Figure 6. East Morada. Size: 28.82 meters long, 4.88 wide, 3.58 high. Date: 19th century. Location: 300 meters east-southeast of Santo Tomás Church in main plaza; seen from northeast corner. Manufacture: Adobe bricks set on stone foundation; wood drains (canales) and beam (viga) ends at top of wall.
Figure 7. West end of south morada, showing construction of bell tower and contracted sanctuary walls.
Figure 8. Northwest view of east morada, showing limestone slab bell tower on contracted west end.
Plans of churches built close to Abiquiú in time, distance, and orientation could have served as sources for the design of the moradas' west ends (Figure 9). Only five kilometers east of Abiquiú stood the chapel dedicated to Santa Rosa de Lima. As shown in Figure 9f, the sanctuary in its west end had a raised floor and flanking entry pilasters, features found in the east morada's west end. This chapel was dedicated about 1744 and was still active as a visíta from Abiquiú in 1830.[49] Through this period and to the present, the popularity of Saint Rose of Lima has persisted at Abiquiú. Her nearby chapel would have been a likely and logical choice for the design of the morada's sanctuary end.
Figure 9. Plans of two Abiquiú moradas compared to New Mexican churches with contracted sanctuaries: A, south morada, B, east morada; C, Zía Mission; D, San Miguel in Santa Fe; E, Santa Cruz; F, Santa Rosa; G, Ranchos de Taos; H, the santuario at Chimayo; I, Córdova. (From Kubler, Religious Architecture [see ftn. 45]: C=his figure 8; D=28, E=9, F=34, G=13, H=22, I=35.)
A second possible source for the contracted ends of the Abiquiú moradas would be the south transept chapel of the Third Order of St.

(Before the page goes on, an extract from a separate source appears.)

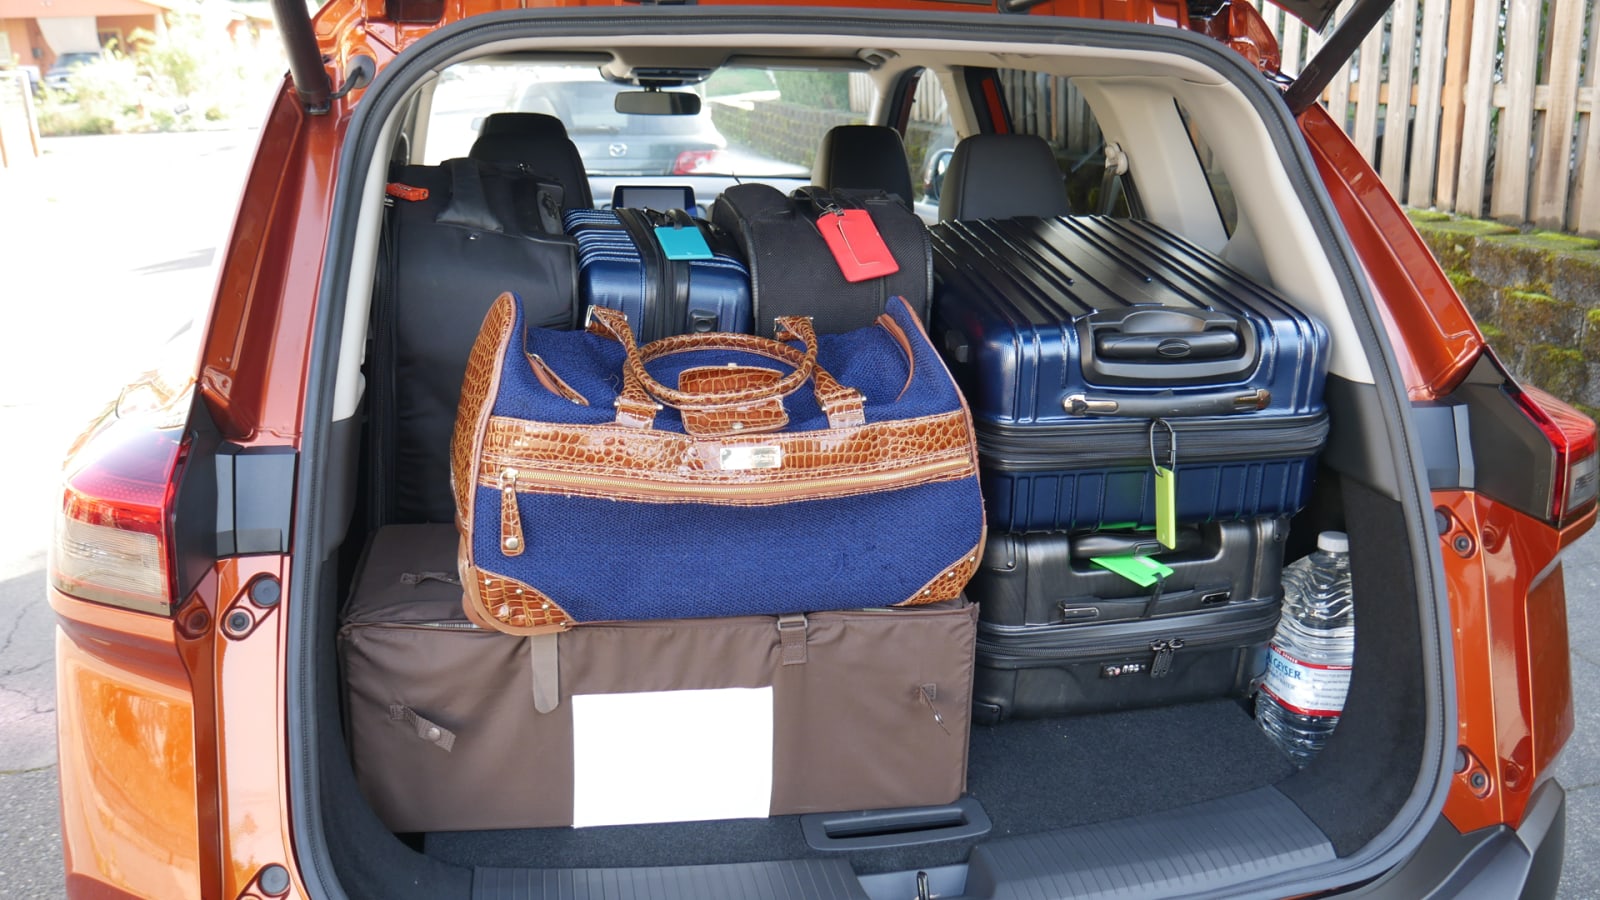 2021 Nissan Rogue Luggage Test How much fits in the cargo area?

Francis at Santa Cruz (Figure 9e). It was completed shortly before 1798[50] and served Franciscan tertiaries into the 1830s. Plans compared in Figure 9 indicate that the dimensions of this left transept chapel at Santa Cruz measure only five percent larger than the chapel room of the east morada at Abiquiú, and the plans also reveal contracted chancel walls at both locations.
The concept of a constricted sanctuary as seen in Abiquiú moradas originated in earlier Spanish and Mexican churches. In 1479, architect Juan Guas used a trapezoidal apse plan in San Juan de los Reyes at Toledo and, by 1512, the design found its way into America's first cathedral at Santo Domingo. Within the first century of Spanish colonization, contracted sanctuary walls appeared on the American mainland in Arciniega's revised plan for Mexico City's Cathedral (post-1584)[51] and, again, in New Mexico, where it first appeared at the stone mission of Zía, built about 1614 (Figure 9c). Once established in the Franciscan province, the concept of converging sanctuary walls survived the 1680 Indian revolt and returned with the reconquest of New Mexico in 1693. Spaniards raised and rebuilt missions from the capital at Santa Fe (San Miguel, rebuilt 1710; Figure 9d) north to Taos (San Geronimo, 1706). Throughout the 18th century, in a three-to-one ratio, the churches of New Mexico used the contracted, as opposed to the box, sanctuary.